FIFAワールドカップ ジャッジリプレイで取り上げたのは、日本vsコスタリカの70分のシーンだ。
守田英正の縦パスを浅野拓磨がワンタッチで繋いで伊東純也へ。切り返してドリブルで運ぶとしたところで、カルボに倒されてファウルとなった。主審は日本にフリーキックを与えた上で、カルボにはイエローカードを提示した。
しかしリプレイで確認すると、カルボのプレーは決定的な得点機の阻止「DOGSO」でレッドカードが提示されてもおかしくないように思われた。しかしVARの介入はなく、イエローカードのままとなったが、この判定は妥当だったのか?
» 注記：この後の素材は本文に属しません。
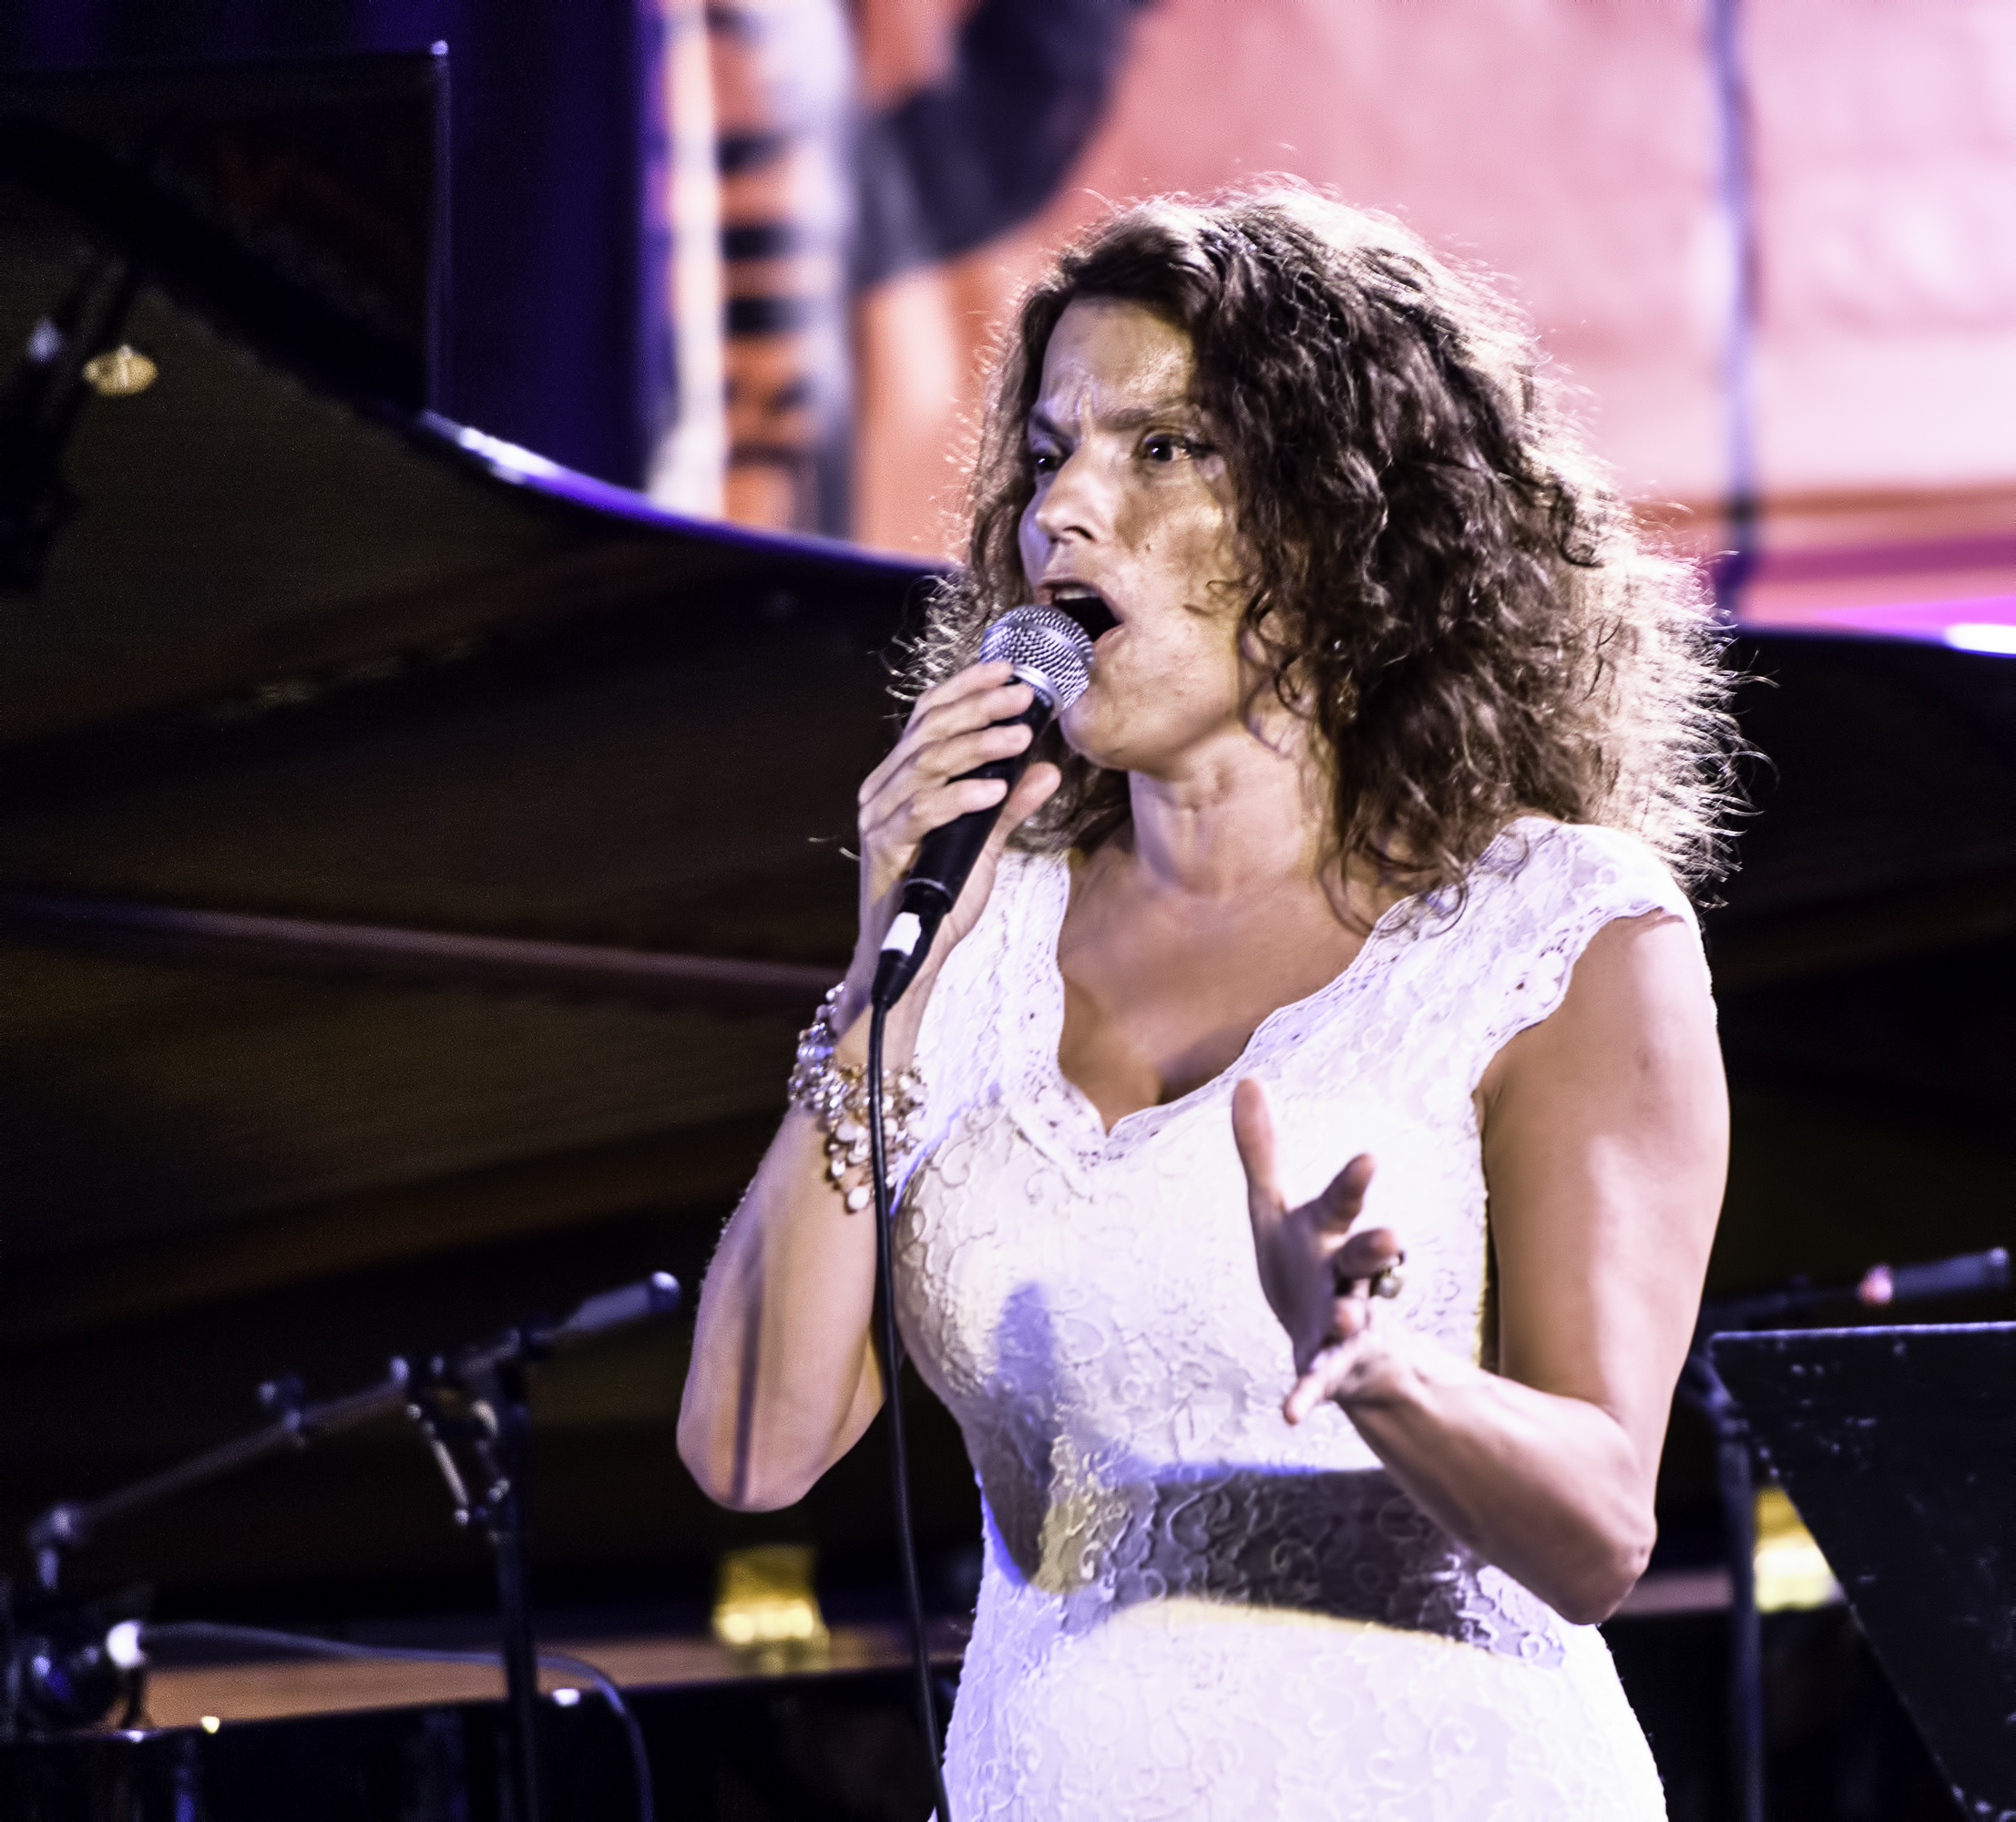 Roberta Gambarini at the Monterey Jazz Festival

日本中が「レッドカードだ」と叫んだであろうシーンについて、平畠啓史はDOGSOの4つの要件に触れてこのように見解を述べた。
「距離は、シュートを打てる距離。方向もゴールに向かってます。あのファウルがなければボールのコントロールもできたでしょう。ただ、相手守備者の数や位置によってどうか。僕が見る限り、うつしているカメラの角度によってはドリブルでいけたと思うし、いけなかったとも思う。なのでどちらとも言えるとも思います」
一方で原博実氏は「レッドカード」との見解を示した。
「確かに色々な見方によって両サイドは絞ってきていた。だけど(両サイドの相手選手が)来たとしても、(伊東が先にボールに)触れている。さらに、これだけの決定機で引っ張っている。その行為自体が赤だと思う」
レフェリングのプロたちによる見解はどうだろう?深野悦子氏は「全く同じで私も80(%でレッドカード)です」という。リアルタイムで見た状況では「SPA(相手の大きなチャンスとなる攻撃を阻止すること)」だと思ったようだが、リプレイで検証してみると「レッドに近いプレー。ホールディングであることを考えるとそう(レッドカード)だなと」と、退場処分でもおかしくないプレーだと判断したようだ。
それでは家本政明氏の見解はどうなのか。「サポーター・家本は300%赤。そりゃそうでしょう。思わず言っちゃいましたよ、本田圭佑みたいに。『赤やろー!』って」と笑いを誘う。
しかし実際にレフェリー視点だと若干違うようだ。ポイントに挙げたのはカバーに入った両サイドの選手の位置だ。
「伊東選手へのファウルがなかった時に対応できるのか。大外の選手は間に合うかもしれないが、その可能性は薄い。そうなると内側の選手。彼が伊東選手に対応できるかをどうみるかで赤なのかそうでないのかが決まる。競技規則的な解釈をすると(内側の選手が)対応できるかなと。なので真っ赤ではないと思う。レッドの可能性は60〜70%で、イエローとした主審の判定も尊重できる。VARも介入しなかったのはそういう判断だろうというのが仮説です」
そのほかグループルーグの中から3つのシーンを選出。カタールvsエクアドルをもとに半自動オフサイドテクノロジーを解説、イングランドvsイラン、ポルトガルvsガーナで話題となった判定を深掘り解説した。